Cross-talk between Src, Erk and Smads in ROS Osteoblast-like Cells
In general, TGF-β1 exerts its functions through Smad signaling. In addition to the canonical Smad signaling pathway, recent studies have demonstrated that other signaling effectors, including Src family kinases and MAPKs, can be activated by TGF-β1 in some cells and that these non-canonical signaling molecules may function as important regulators of Smad signaling (Joo et al., 2008; Samarakoon et al., 2009; Samarakoon et al., 2008; Sato et al., 2005) (Hayashida et al., 2003; Imamichi et al., 2005; Kretzschmar et al., 1999; Matsuura et al., 2005; Wang et al., 2009a; Watanabe et al., 2001; Yang et al., 2007).

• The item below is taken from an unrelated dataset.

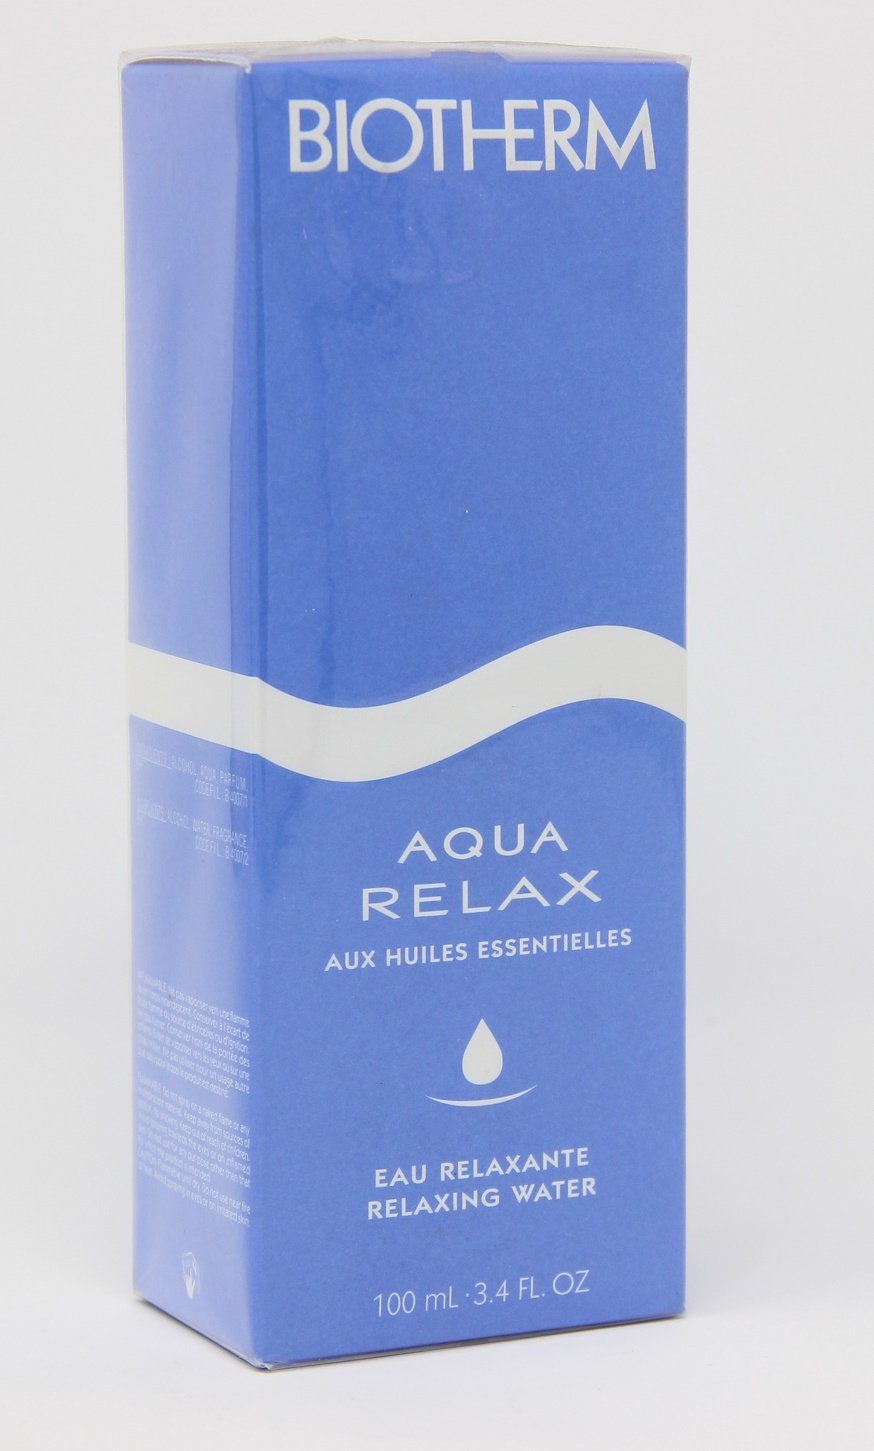 100ml water Relax BIOTHERM relaxing Biotherm oils essential Aqua Selbstbräunungstücher

In our preceding studies we demonstrated that Src and Erk are required for CTGF induction by TGF-β1 in ROS osteoblast-like cells, so the next approach was aimed at delineating any potential cross-talk between Src, Erk and Smad signaling in osteoblasts. In some signaling paradigms, Src has been shown to be upstream of Erk (Mishra et al., 2007) (Tanaka et al., 2004). First we wanted to determine whether Src could regulate the activation of Erk. In these experiments, we pre-treated ROS osteoblast-like cells with the Src inhibitor, PP2, or the Erk inhibitor, PD98059 (PD), for 30 minutes and then stimulated them with TGF-β1 for an additional 20 minutes. Previous studies revealed that 20 minutes post-TGF-β1 treatment caused maximal Erk activation (Figure 3A). Western blot analysis of cell lysates demonstrated that the activation of Erk was completely blocked following Src kinase inhibition (Figure 4). The Erk inhibitor, PD98059, was used as a control, and effectively blocked Erk activation subsequent to TGF-β1 treatment (Figure 4). More importantly, the Erk inhibitor had no effect on Src activation induced by TGF-β1, demonstrating that Erk was not upstream of Src. Total Src and total Erk levels were not affected by any of these treatments (Figure 4). These results demonstrate that Src functions upstream of Erk in osteoblasts.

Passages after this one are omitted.